The whole reason I'm not a foster parent yet is because I can't do so in my current living situation. I love living where I do, but financially, a change just hasn't been possible. So while fostering and adoption are my long-term goals, the first thing to happen has to be my moving out. Insert frugality, side jobs, and a hope of getting published here. My plan (which you know is always exactly how things go) was to save like mad and move out some time in the next one to two years.
Annnd this is where God decided to laugh hysterically.
I received news this week that the people I live with need to sell their house. In other words, I'm gonna be moving out a whole lot sooner than planned! At first glance, this seemed to derail my plans in a big way, but after a very anxious 24 hours and numerous talks with God-fearing friends, I came to realize what a huge answer to prayer this is.
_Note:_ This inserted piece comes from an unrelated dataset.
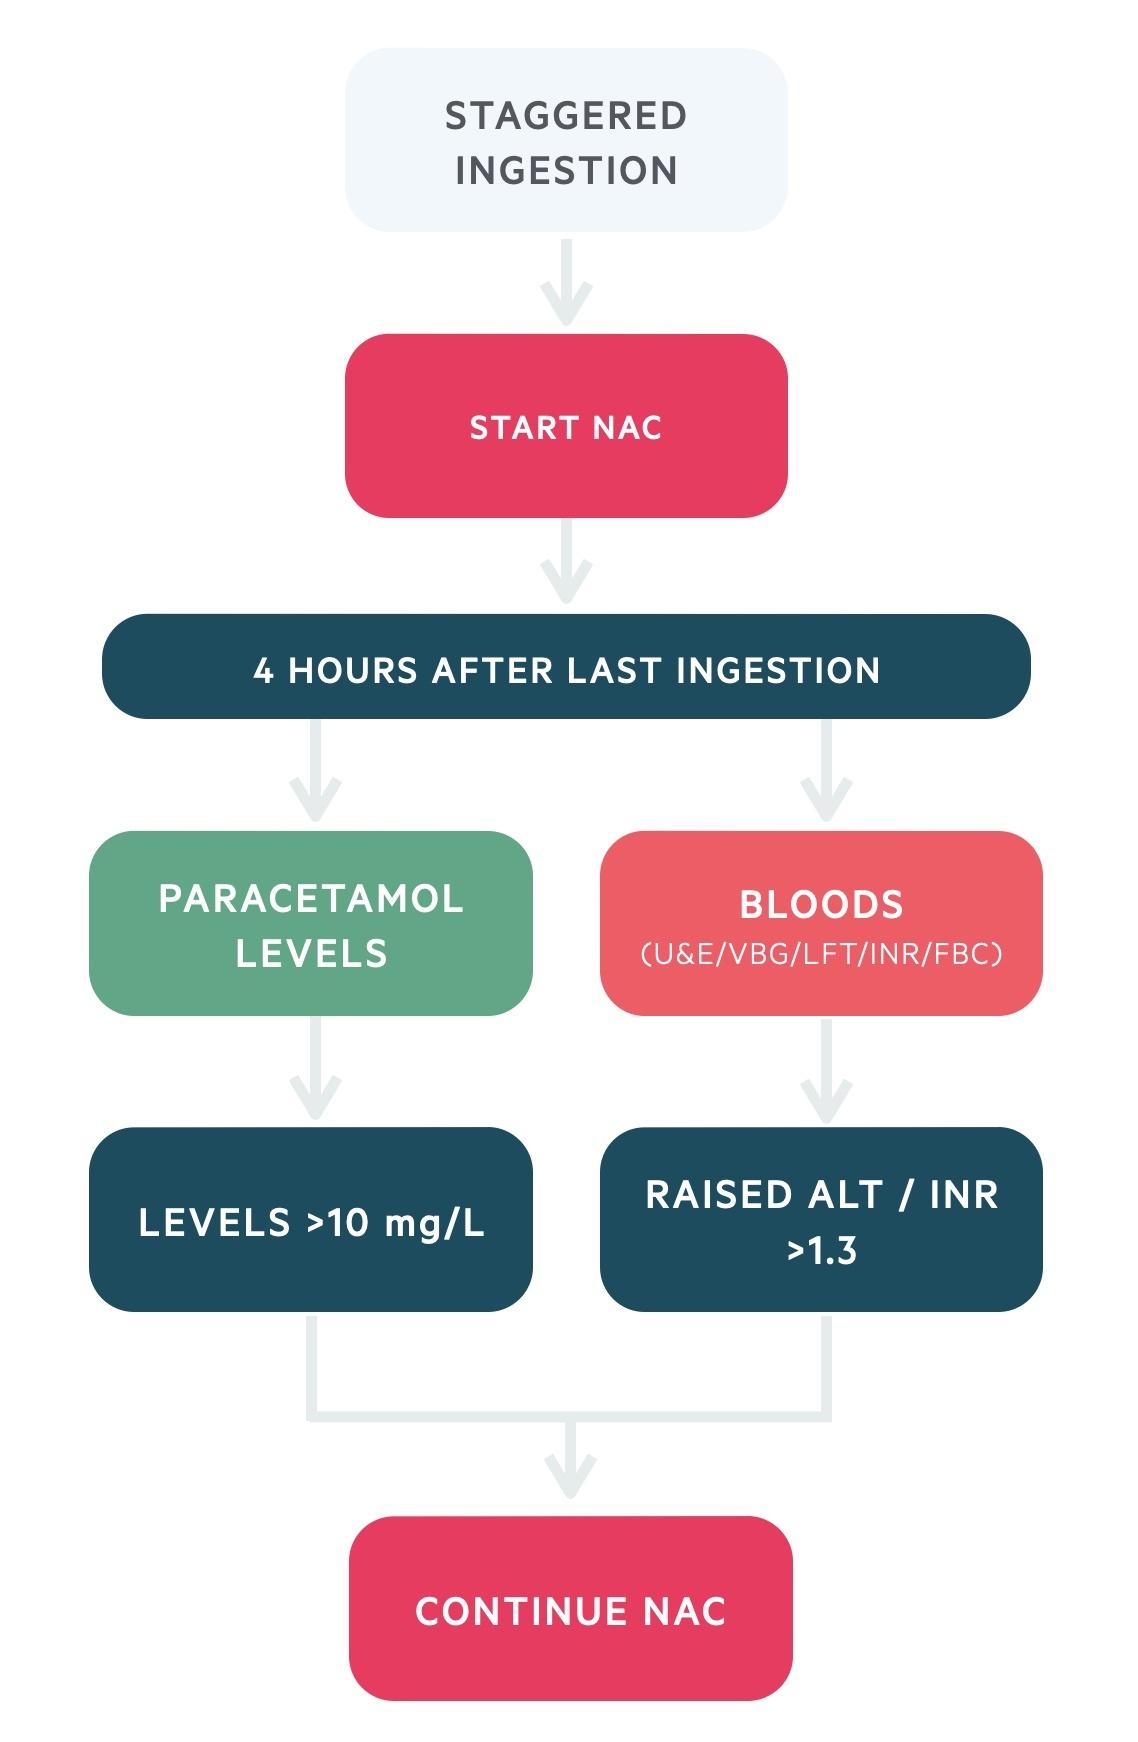 Staggered ingestion paracetamol overdose management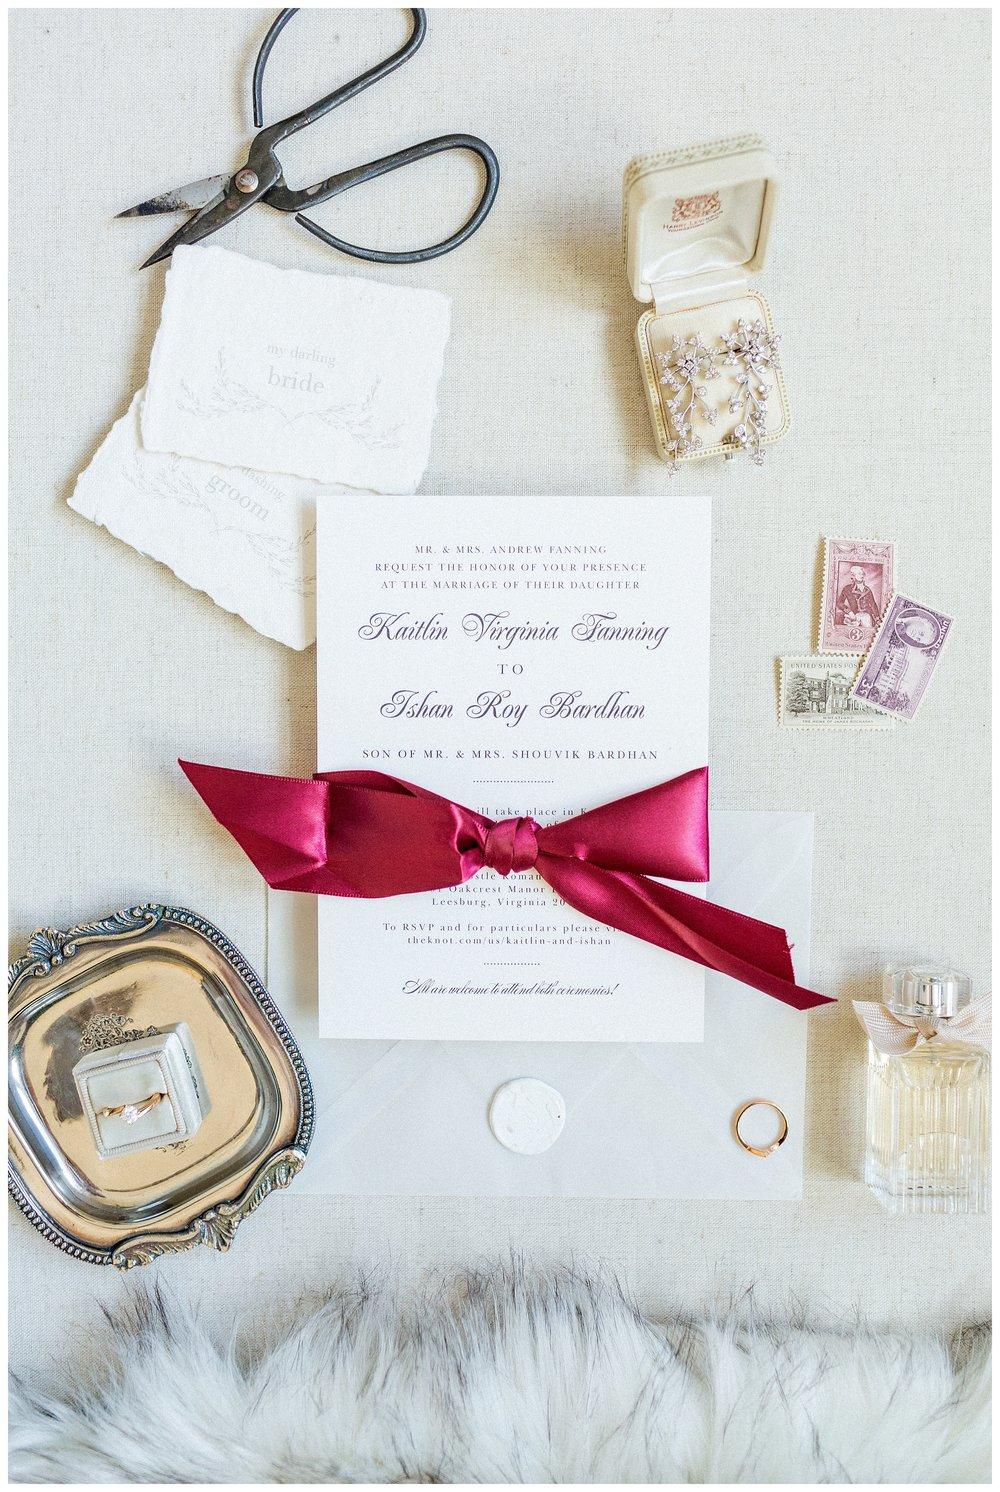 Stone Tower Winery Wedding | Virginia Winter Wedding | VA Wedding Photographer Kir Tuben_0037.jpg

- I get to move out. As scary as this week has been, that IS what I wanted.
- Doors have been opened for financial provision, possibly in more ways than one.
- I got to avoid two very awkward conversations that would have had to take place in the future.
- I also get to avoid two situations that would have been guilt-inducing even though I wasn't doing anything wrong.
- If all goes, ahem, according to plan, I could be caring for a foster child by this time next year.
What's funny is that just two posts ago, I ended by saying something along the lines of "Knowing God, the path won't be that straight. I'm pretty sure He'll take this small act of obedience and use it to open a door I never saw coming." And y'all, let me tell you..... I never saw this coming.